For this question i create collection called "so", and put into this collection 25 documents like this:
{
"_id" : ObjectId("512fa86cd99d0adda2a744cd"),
"authorName" : "author name1",
"email" : "email1#email.com",
"c" : 1
}
My query use aggregation framework:
db.so.aggregate([
{ $group:
{
_id: 1,
collection: { $push : { "_id": "$_id", "authorName": "$authorName", "email": "$email", "c": "$c" } },
count: { $sum: 1 }
}
},
{ $unwind:
"$collection"
},
{ $project:
{ "_id": "$collection._id", "authorName": "$collection.authorName", "email": "$collection.email", "c": "$collection.c", "count": "$count" }
},
{ $match:
{ c: { $lte: 10 } }
},
{ $sort :
{ c: -1 }
},
{ $skip:
2
},
{ $limit:
3
},
{ $group:
{
_id: "$count",
my_documets: {
$push: {"_id": "$_id", "authorName":"$authorName", "email":"$email", "c":"$c" }
}
}
},
{ $project:
{ "_id": 0, "my_documets": "$my_documets", "total": "$_id" }
}
])
Result for this query:
{
"result" : [
{
"my_documets" : [
{
"_id" : ObjectId("512fa900d99d0adda2a744d4"),
"authorName" : "author name8",
"email" : "email8#email.com",
"c" : 8
},
{
"_id" : ObjectId("512fa900d99d0adda2a744d3"),
"authorName" : "author name7",
"email" : "email7#email.com",
"c" : 7
},
{
"_id" : ObjectId("512fa900d99d0adda2a744d2"),
"authorName" : "author name6",
"email" : "email6#email.com",
"c" : 6
}
],
"total" : 25
}
],
"ok" : 1
}
By the end, I think that for big collection 2 query (first for data, second for count) works faster. For example, you can count total for collection like this:
db.so.count()
or like this:
db.so.find({},{_id:1}).sort({_id:-1}).count()

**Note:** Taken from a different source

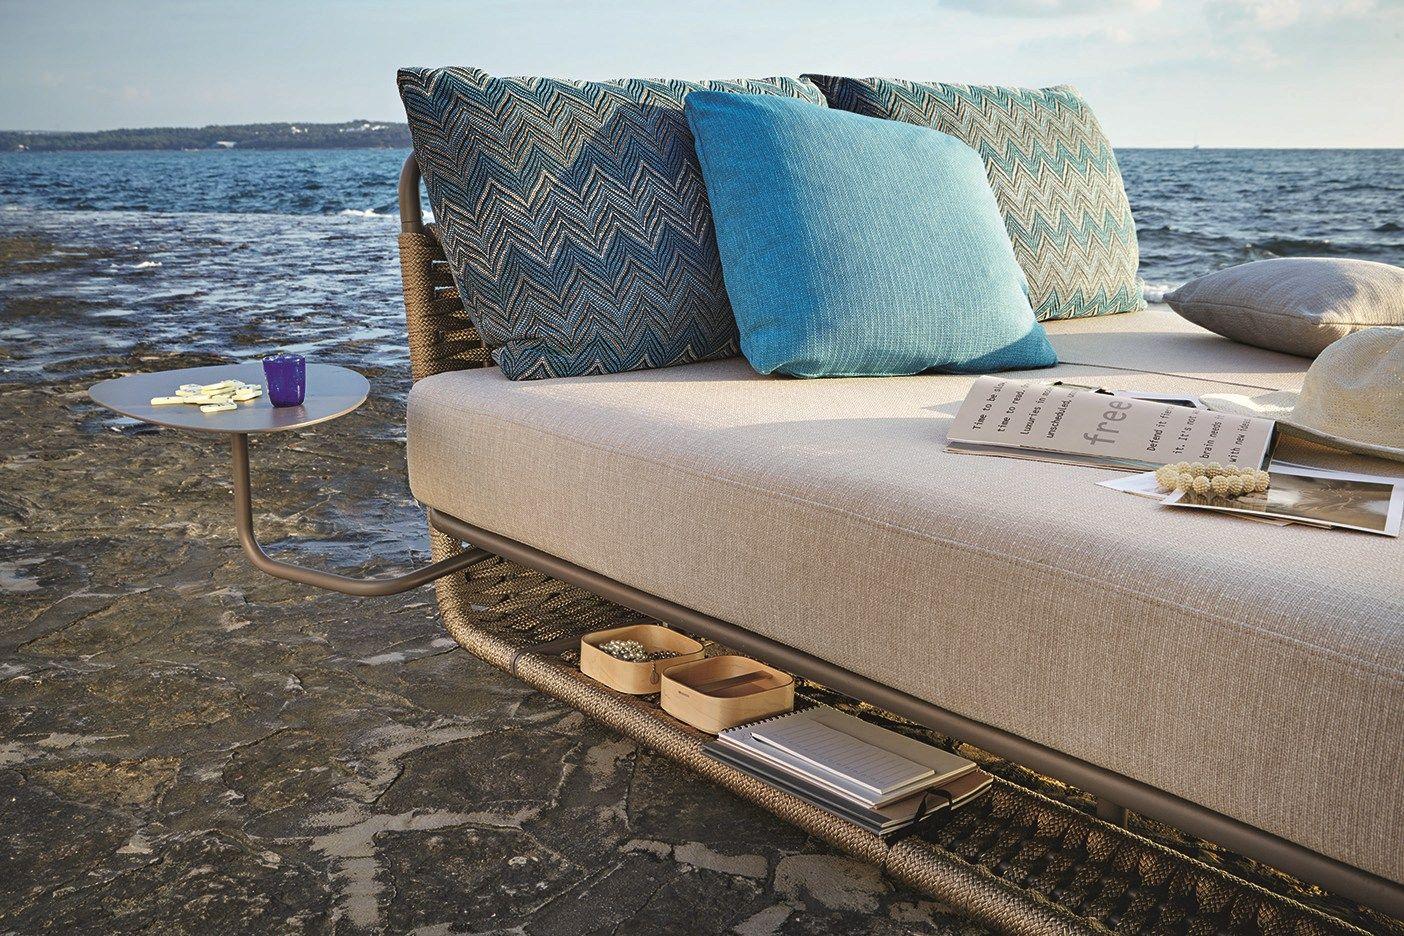 Portofino garden bed by roberti rattan design santiago - Mobilier jardin design roberti rattan ...

I don't fully sure in first example, but in second example we use only cursor, which means higher speed:
db.so.find({},{_id:1}).sort({_id:-1}).explain()
{
"cursor" : "BtreeCursor _id_ reverse",
"isMultiKey" : false,
"n" : 25,
"nscannedObjects" : 25,
"nscanned" : 25,
"nscannedObjectsAllPlans" : 25,
"nscannedAllPlans" : 25,
"scanAndOrder" : false,
!!!!!>>> "indexOnly" : true, <<<!!!!!
"nYields" : 0,
"nChunkSkips" : 0,
"millis" : 0,
...
}
For completeness (full discussion was on the MongoDB Google Groups) here is the aggregation you want:
db.collection.aggregate(db.docs.aggregate( [
{
"$match" : {
"year" : "2012"
}
},
{
"$group" : {
"_id" : null,
"my_documents" : {
"$push" : {
"_id" : "$_id",
"year" : "$year",
"author" : "$author"
}
},
"reviewsCount" : {
"$sum" : 1
}
}
},
{
"$project" : {
"_id" : 0,
"my_documents" : 1,
"total" : "$reviewsCount"
}
}
] )
By the way, you don't need aggregation framework here - you can just use a regular find. You can get count() from a cursor without having to re-query.